The seven worst years for polar ice sheets melting have occurred during the past decade, according to new research from the Ice Sheet Mass Balance Intercomparison Exercise (IMBIE).
The melting ice sheets now account for a quarter of all sea level rise – a fivefold increase since the 1990s – with 2019 being the worst year on record.
Led by Northumbria University’s Centre for Polar Observations and Modelling (CPOM), the IMBIE team combined 50 satellite surveys of Antarctica and Greenland taken between 1992 and 2020 to determine the rate of ice melt. They found that Earth’s polar ice sheets lost 7,560 billion metric tons of ice between 1992 and 2020 – equivalent to an ice cube that would be 20km in height.
The polar ice sheets have together lost ice in every year of the satellite record, and the seven highest melting years have occurred in the past decade. The satellite records show that 2019 was the record melting year when the ice sheets lost a staggering 612 billion metric tons of ice. This loss was driven by an Arctic summer heatwave, which led to record melting from Greenland peaking at 444 billion metric tons that year. Antarctica lost 168 billion metric tons of ice – the sixth highest on record – due to the continued speed-up of glaciers in West Antarctica and record melting from the Antarctic Peninsula. The East Antarctic Ice Sheet remained close to a state of balance, as it has throughout the satellite era.
Melting of the polar ice sheets has caused a 21mm rise in global sea level since 1992, almost two thirds (13.5mm) of which has originated from Greenland and one third (7.4mm) from Antarctica.
In the early 1990s, ice sheet melting accounted for only a small fraction (5.6 %) of sea level rise. However, there has been a fivefold increase in melting since then, and they are now responsible for more than a quarter (25.6 %) of all sea level rise. If the ice sheets continue to lose mass at this pace, the IPCC predicts that they will contribute between 148mm and 272mm to global mean-sea level by the end of the century.
Professor Andrew Shepherd, head of the Department of Geography and Environmental Sciences at Northumbria University and founder of IMBIE, said, “After a decade of work we are finally at the stage where we can continuously update our assessments of ice sheet mass balance as there are enough satellites in space monitoring them, which means that people can make use of our findings immediately.”
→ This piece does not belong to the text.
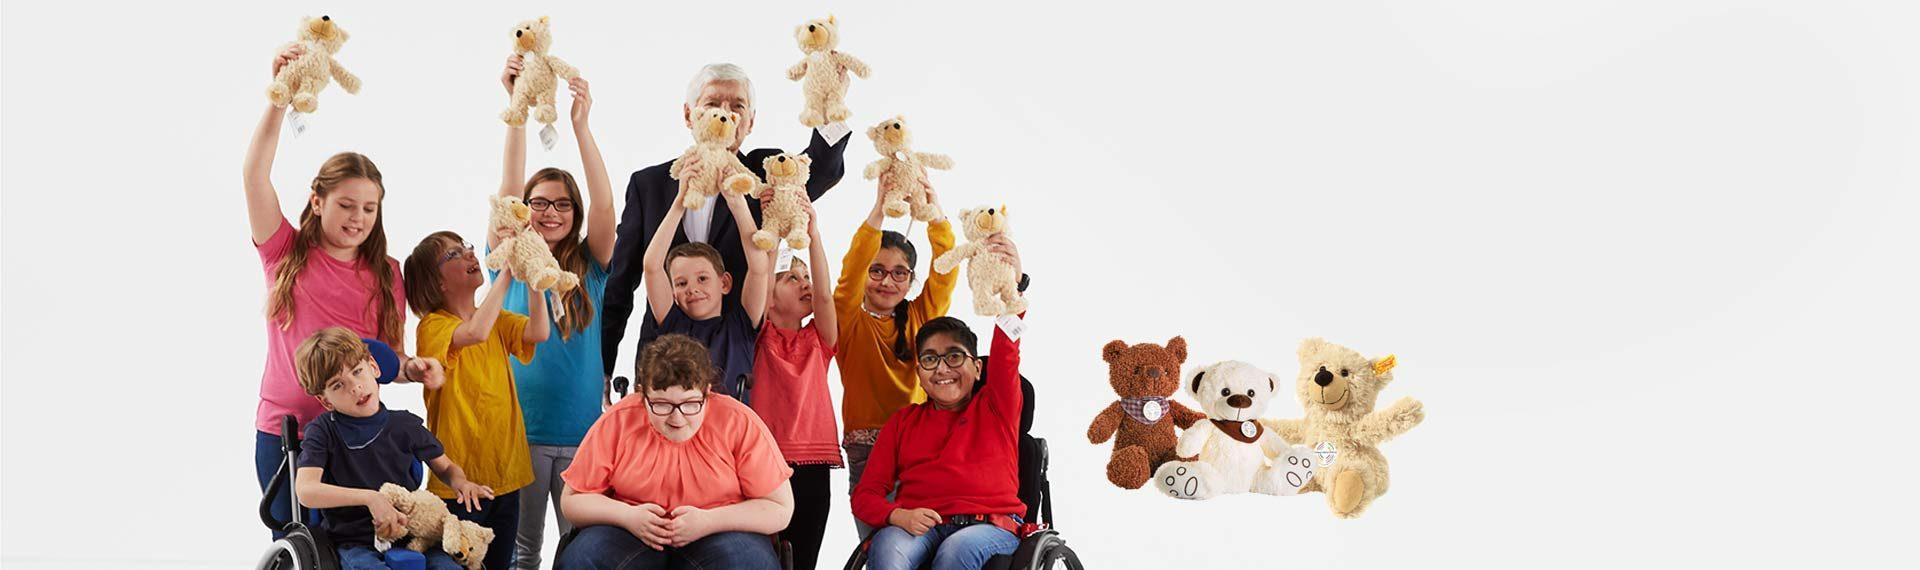 TEDDY kaufen und dabei Gutes tun! Der Verkaufserlös vom Plüschbär TEDDY geht zu 100 Prozent an die Andreas-Gärtner-Stiftung - Hilfe für Menschen mit geistiger Behinderung. jetzt TEDDY kaufen
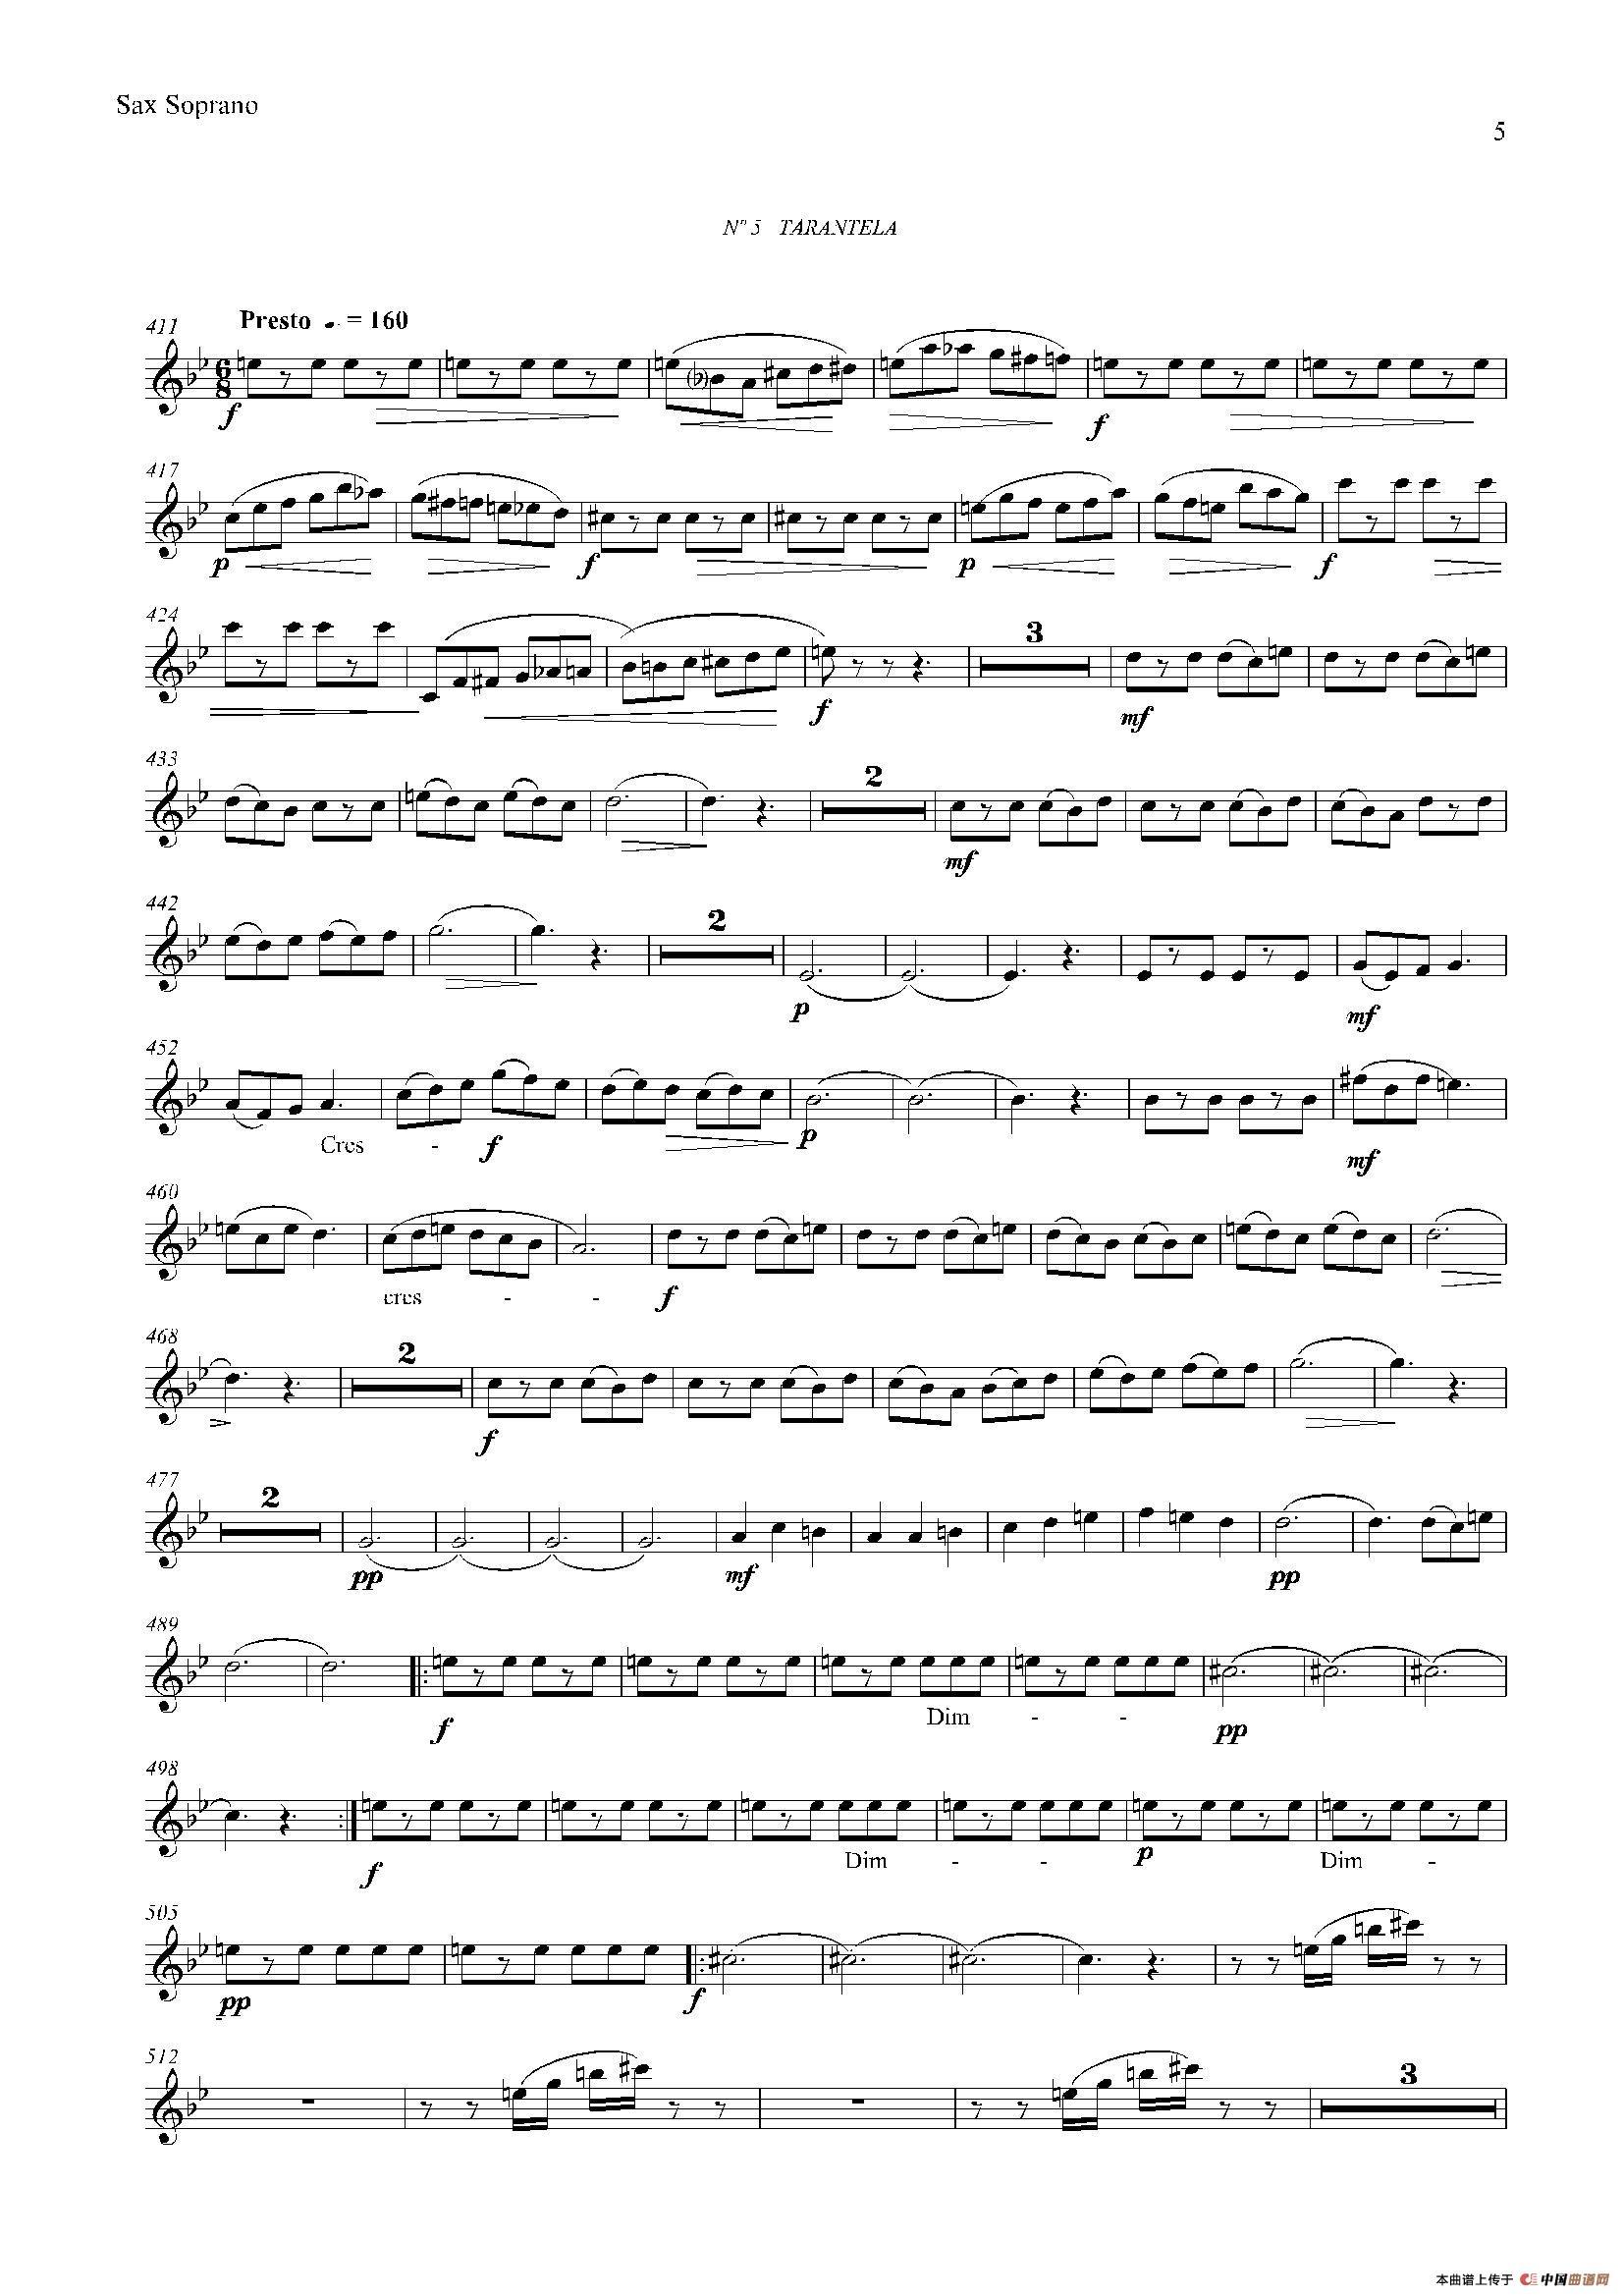 LOS 四重奏高音萨克斯分谱

Dr Inès Otosaka from the University of Leeds, who led the study, said, “Ice losses from Greenland and Antarctica have rapidly increased over the satellite record and are now a major contributor to sea level rise. Continuously monitoring the ice sheets is critical to predict their future behavior in a warming world and adapt for the associated risks that coastal communities around the world will face.”
This is now the third assessment of ice loss produced by the IMBIE team, which was awarded funding by NASA and the European Space Agency (ESA) in 2011 to compile the satellite record of polar ice sheet melting. Ice losses from Greenland and Antarctica can be reliably measured from space by tracking changes in their volume, gravitational pull, or ice flow. The first and second assessments were published in 2012 and 2018/19.
Over the past few years, ESA and NASA have made a dedicated effort to launch new satellite missions capable of monitoring the polar regions. The IMBIE project has taken advantage of these to produce more regular updates, and, for the first time, it is now possible to chart polar ice sheet losses every year.
This third assessment from the IMBIE Team involved a team of 68 polar scientists from 41 international organizations using measurements from 17 satellite missions, including for the first time from the GRACE-FO gravity mission. Importantly, it brings the records of ice loss from Antarctica and Greenland in line, using the same methods and covering the same period in time. The assessment will now be updated annually to make sure that the scientific community has the very latest estimates of polar ice losses.
Dr Diego Fernandez, head of research and development at ESA, said, “This is another milestone in the IMBIE initiative and represents an example of how scientists can coordinate efforts to assess the evolution of ice sheets from space offering unique and timely information on the magnitude and onset of changes.
“The new annual assessments represent a step forward in the way IMBIE will help to monitor these critical regions, where variations have reached a scale where abrupt changes can no longer be excluded.”
The study, Mass balance of the Greenland and Antarctic ice sheets from 1992 to 2020, is published in the journal Earth System Science Data, and the new data set is publicly available on the British Antarctic Survey website.